Dan is new to Utah. He doesn't know yet that a Utah driver is incapable of thinking any further ahead than his or her eyebrows. There was some other stuff involving math that I got wrong or didn't get at all. Fortunately, by then it was time to go drive.
My personal instructor in the skid car was another race driver, James Burke. Whereas Dan talked over my head, James spoke straight at my face but I only got about every 11th word. He's from England and talks exactly like Brad Pitt in the movie "Snatch."
James gave a brief lecture on proper hand positioning. Never cross your arms over the air bag spot unless you want your arms stuffed into your nose up to your elbows. Good advice.
A skid car looks like a normal car built into a furniture dolly. Extending out from the factory wheels is another set of wheels used to hydraulically lift the car in order to simulate winter conditions.
Using a control box in the front seat, James could lift the back end of the car until the regular tires barely touched the ground. The back end would whip around fast enough for us to read the rear license plate in the mirror.

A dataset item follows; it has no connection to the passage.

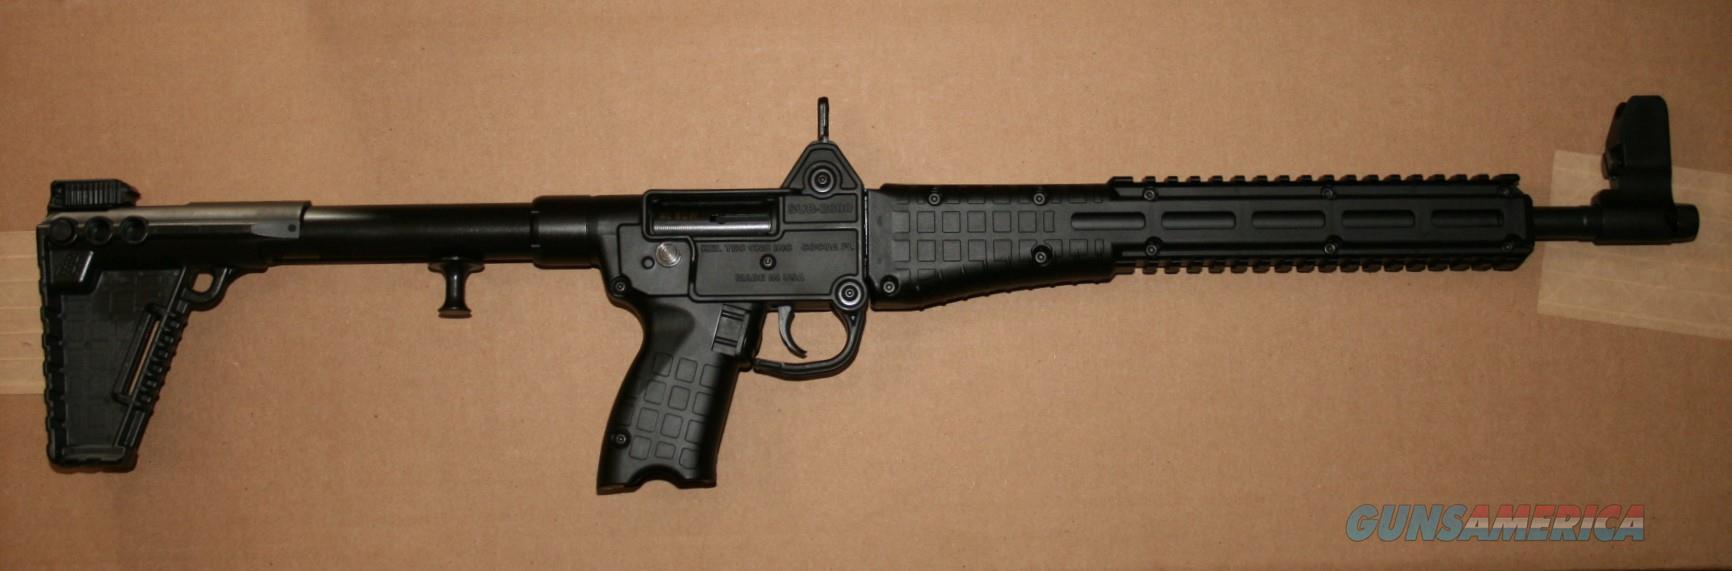 "Kel-Tec SUB2000 Gen 2  40 S&W 16.25"" 10 Rd Glock 22 Magazine   Guns > Rifles > Kel-Tec Rifles"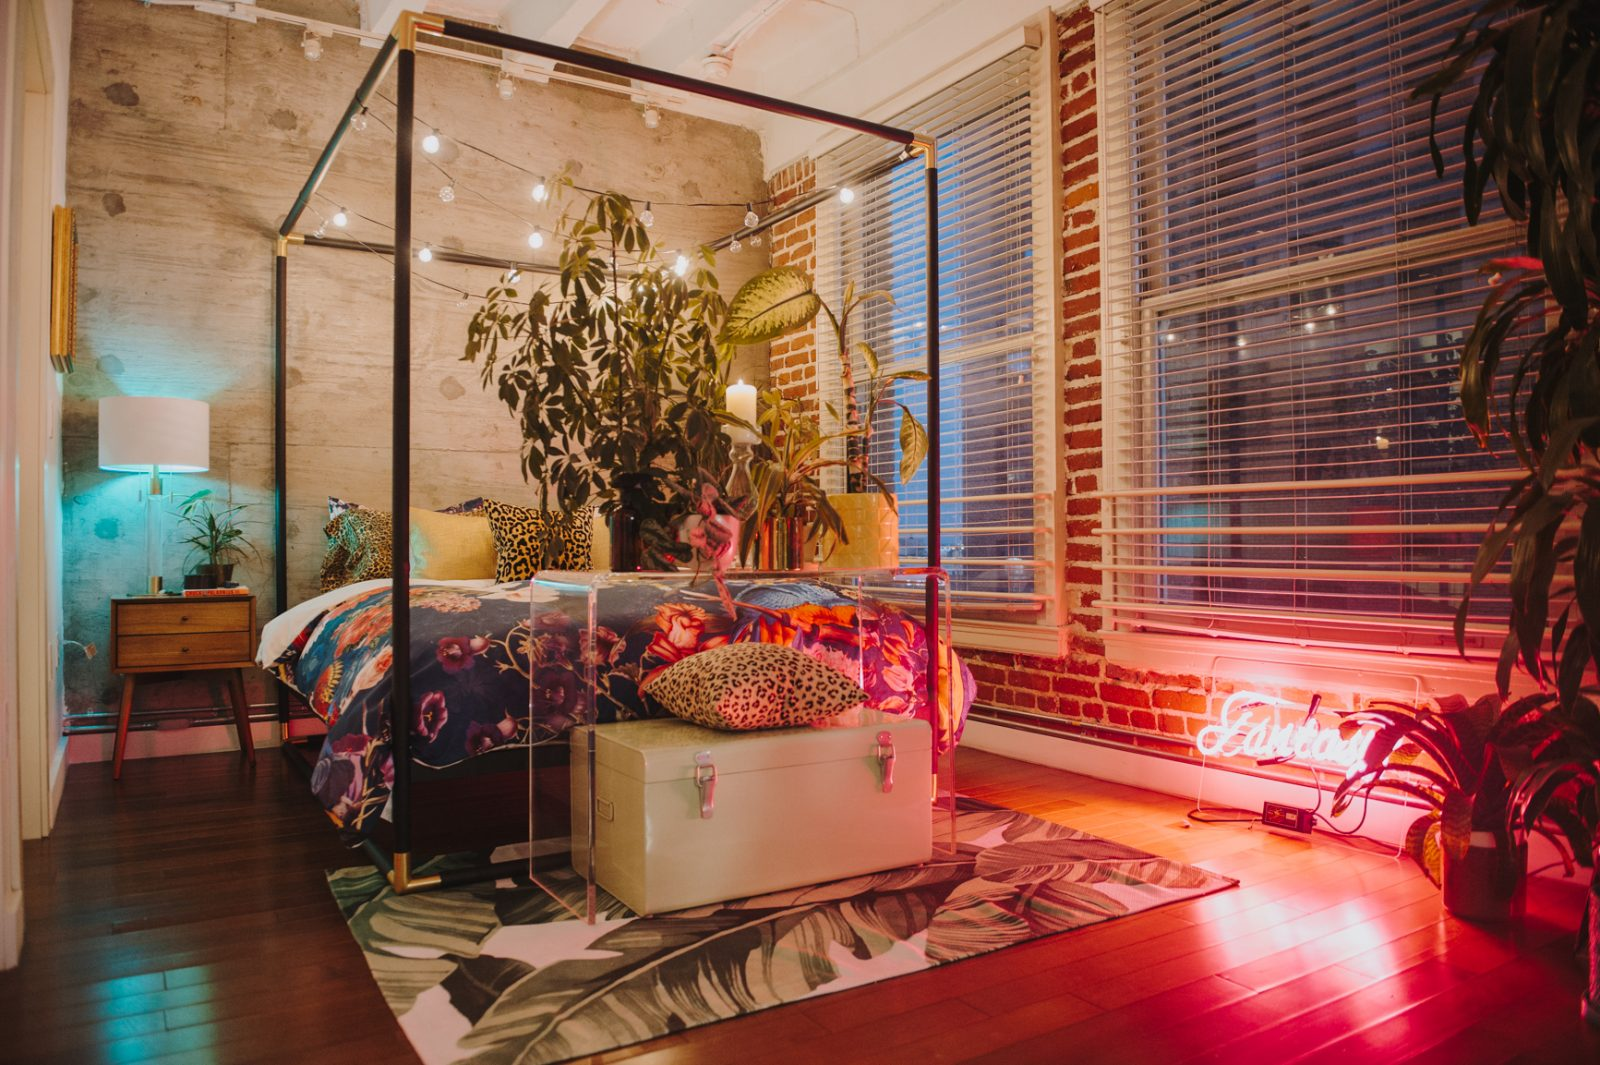 6 Ways To Turn A Loft Into An Urban Jungle Paradise - Society6 Blog

When the front end was lifted, the curves instantly got straight. The steering wheel became little more than a tire swing onto which was clamped a badly frightened ape, or the typical winter commuter along the Wasatch Front.
We practiced "understeering" and "oversteering" through a course of turns laid out with orange traffic cones. If the cones were intended to simulate pedestrians, I ran over the entire population of Los Angeles.
The only way I can describe oversteering is that it'll make you barf if you do it more than twice. Apparently nausea is an important learning tool at the Miller Sportspark Winter Driving Academy.
James and Dan had a lot of patience or nothing else to do. After an hour, it actually seemed I was starting to get it. They were so pleased with my progress that they offered to call a cab to take me home.